The Australian dollar has fallen significantly during the course of the week but also recovered as traders covered positions heading into the Easter weekend.
The Australian dollar has had a slightly negative week, after recovering on Thursday. Thursday was an interesting session, because we had seen a complete reversal of US dollar strength, not only here but in other places. The reality is that a lot of position squaring probably happened on Thursday as Friday was Good Friday and therefore a lot of banks would have been close. Furthermore, it was the jobs report in America, which came out like gangbusters. Obviously, a lot of traders would have no interest in putting on a bunch of risk and simply holding it through that type of illiquid market, so it makes quite a bit of sense.
If we break below the bottom of the candlestick, that opens up a move down to the 0.73 handle, possibly even the 0.72 handle.

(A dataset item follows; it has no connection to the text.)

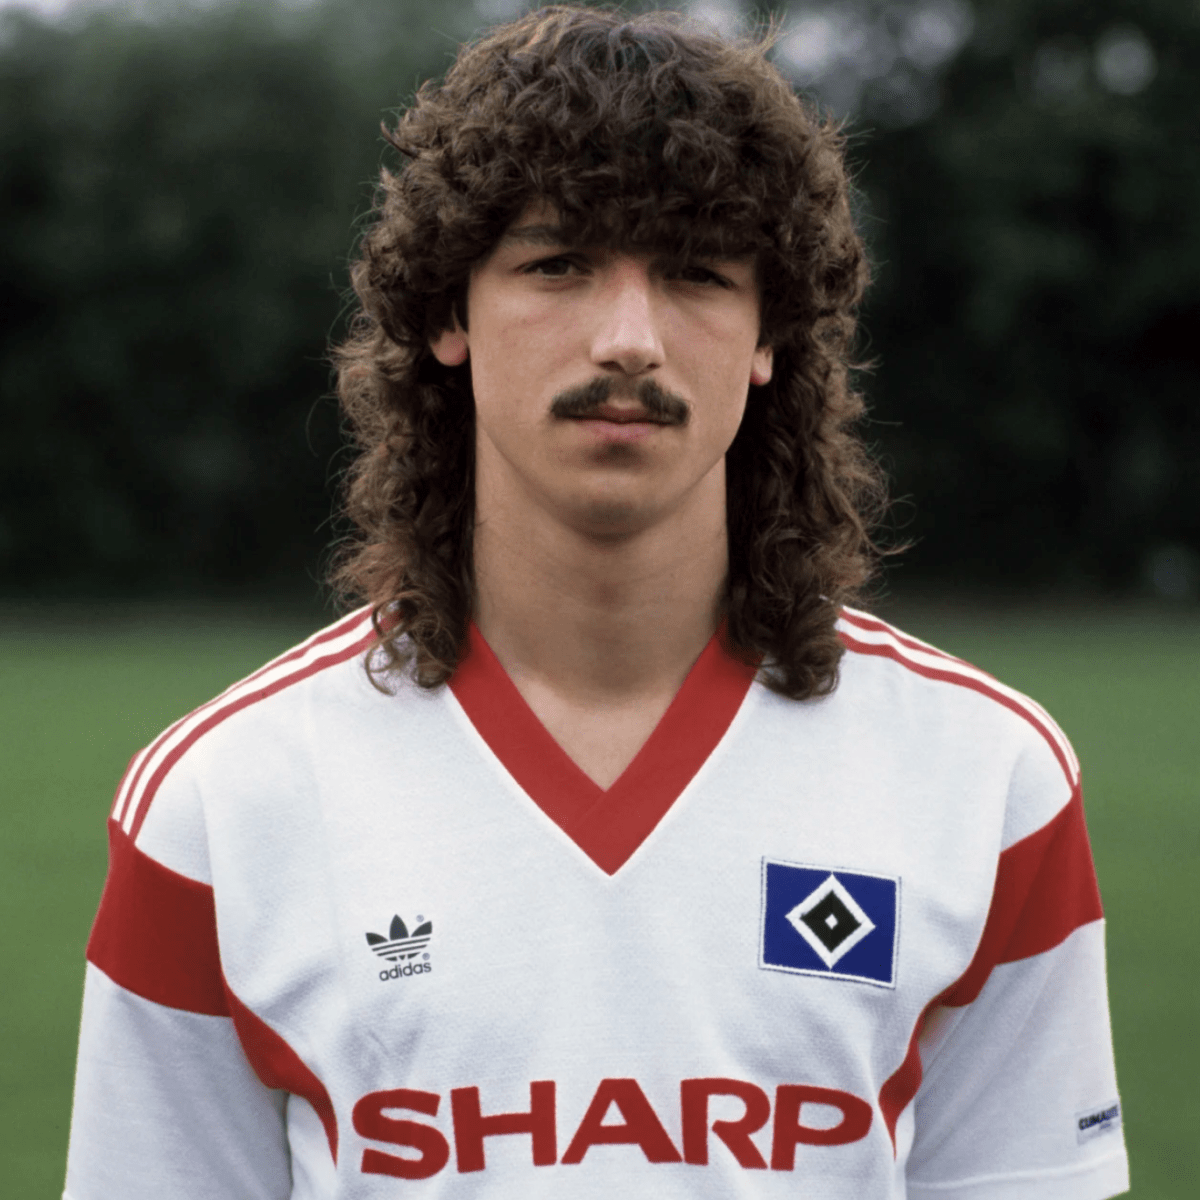 Walter Laubinger na oficiální fotografii z roku 1987 (zdroj: Hamburger SV)

On the other hand, if we turn around a break above the top of the gains that we probably grind towards the 0.7750 level initially. This obviously would need to see a lot of anti-dollar sentiment, which will be interesting to see how things play out when we get back to work due to the fact that the jobs number was so strong. Pay attention to the 10 year yield, if it starts to spike again, that more than likely will drive the dollar higher, at least in the short term. I think the one thing you can probably count on is that we are going to have a lot of noise in this market and therefore it is going to be very difficult to trade at times. Longer-term, we are still very much in an uptrend so that is worth keeping in the back of your head.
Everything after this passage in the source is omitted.